Tigera-operator v1.34.5 controller_installation reconcile loop + Typha watchercache bug still present after RKE2 v1.28.15 upgrade: seeking fix

Hi R2,

Thank you, this is extremely helpful and closely matches what we experienced.

Our incident (April 7-8):

  • RKE2 v1.27.16 → v1.28.15 upgrade completed April 3-4
  • IPAM block deletion happened April 7 ,4 days AFTER the upgrade
  • All 27 IPAM blocks deleted simultaneously at 18:55:09 UTC, one every ~200ms
  • kube-controllers logs only showed it received delete events, not who initiated
  • Felix detected encapsulation change → self-restart → all 30 Typha connections dropped simultaneously → vxlan.calico DOWN

Because of the 4-day gap, the RKE2 Helm CRD uninstall hypothesis doesn’t fully fit our case, that would have caused immediate failure during upgrade.

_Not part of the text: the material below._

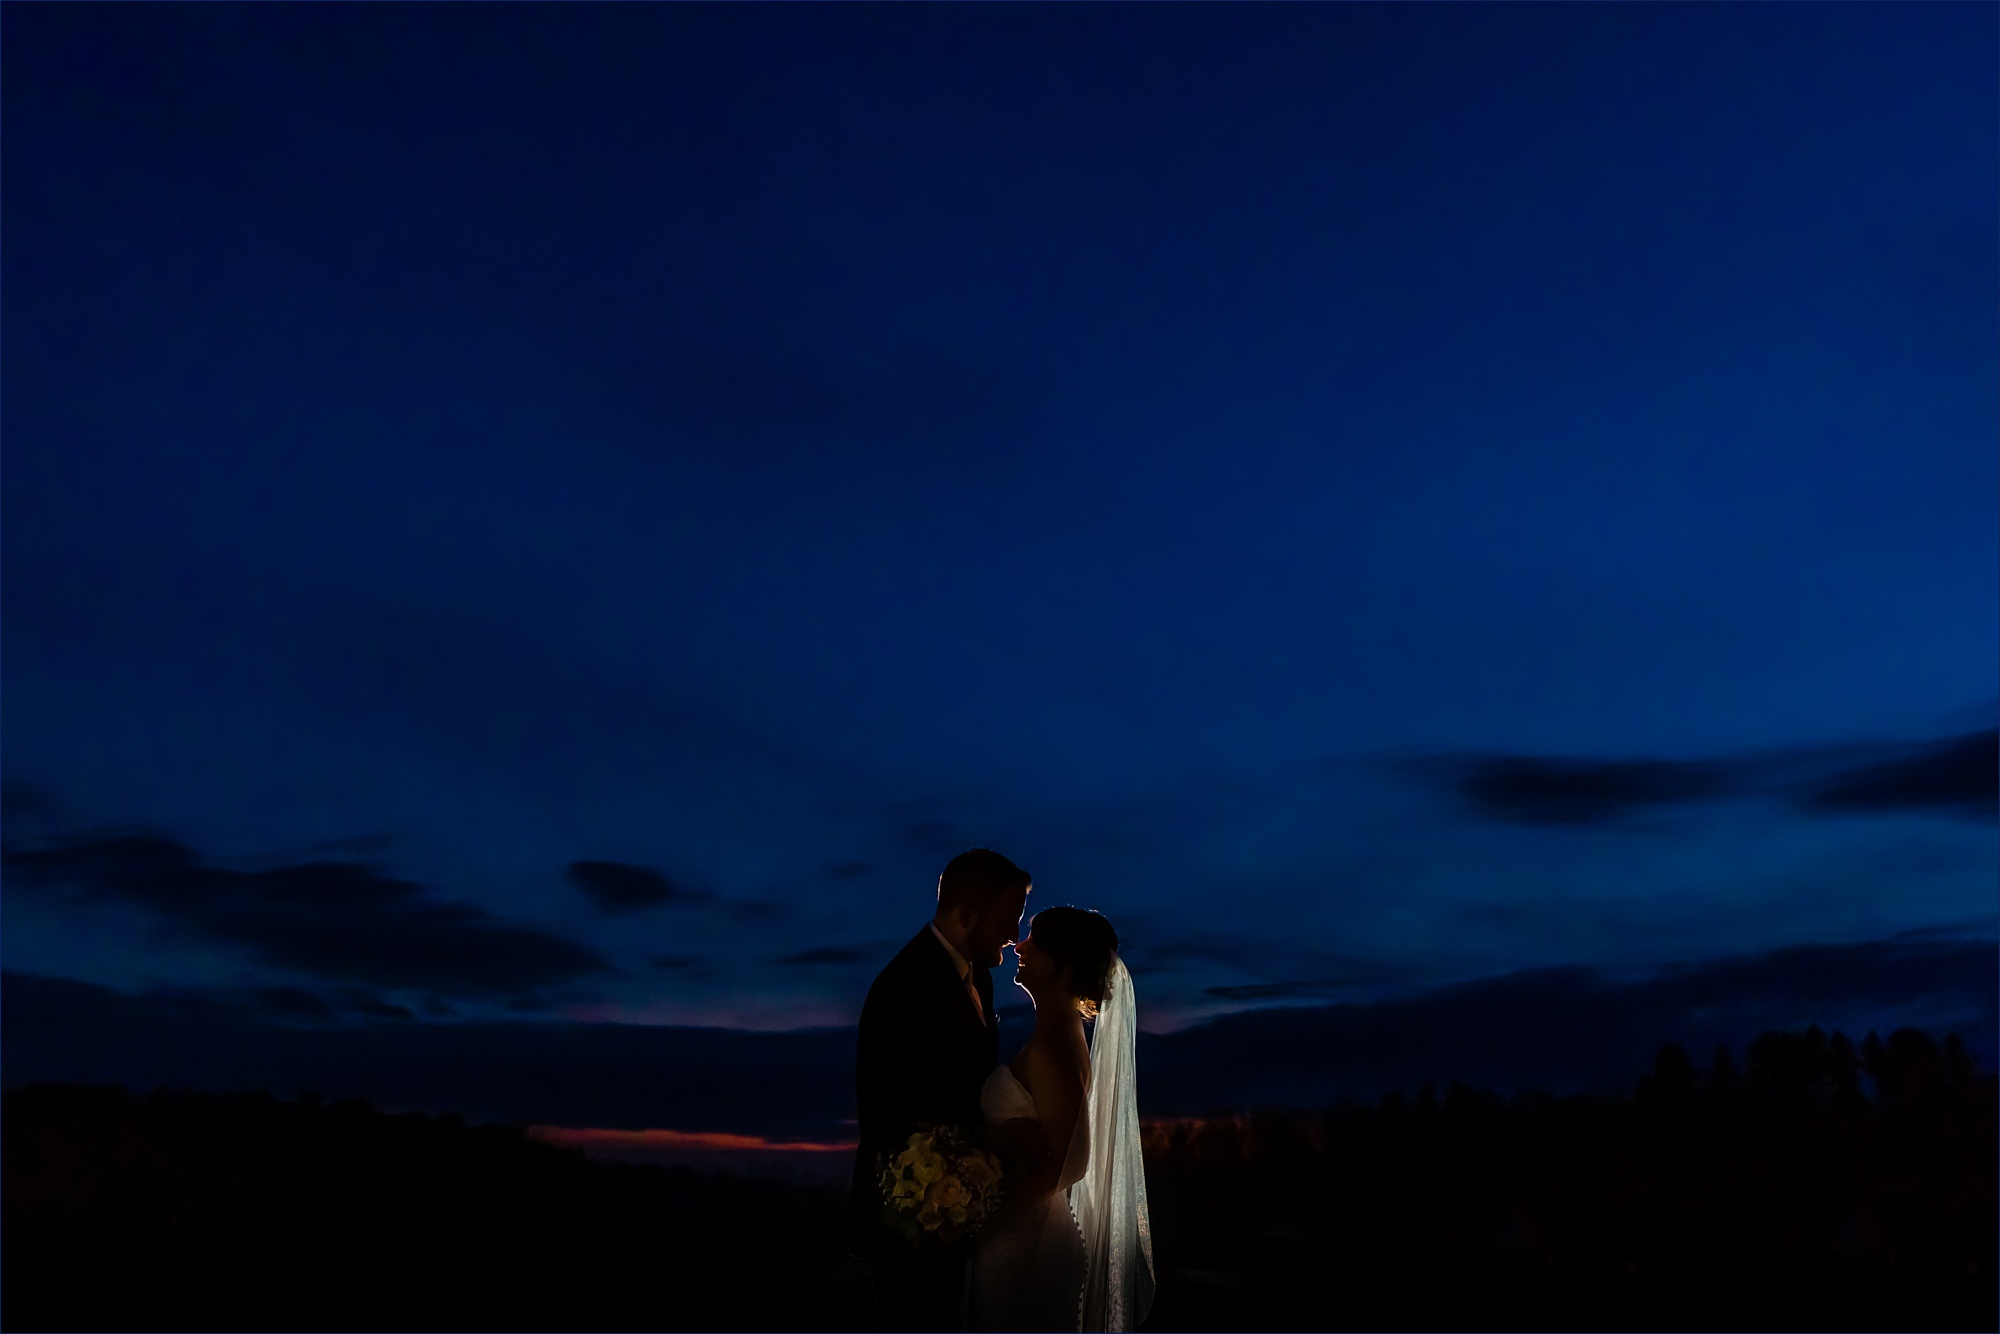 The newlyweds are silhouetted against the deep blue southern Maine sky at their Red Barn at Outlook Farm wedding day

The IPAM GC behavior hypothesis fits better:

  • We were on Calico v3.27.3 which you mentioned had rate-limiter and GC heuristic issues
  • tigera-operator reconcile storm was running continuously (~185,000 etcd writes/hour)
  • On April 7, etcd was visibly degraded (700ms+ requests, back-to-back compactions) in the 3 minutes before the IPAM deletion
  • Something likely triggered the GC around 18:55 UTC, possibly a watch error caused by etcd compaction
  • v3.27.3 GC bug then bulk-deleted all 27 blocks.
    Can this be true? If yes how come Your note that you hit a similar issue again on v1.30 → v1.31 is concerning since that’s our next upgrade path. Did you find a definitive root cause or any precautions to take before the next upgrade?

Thanks again for sharing.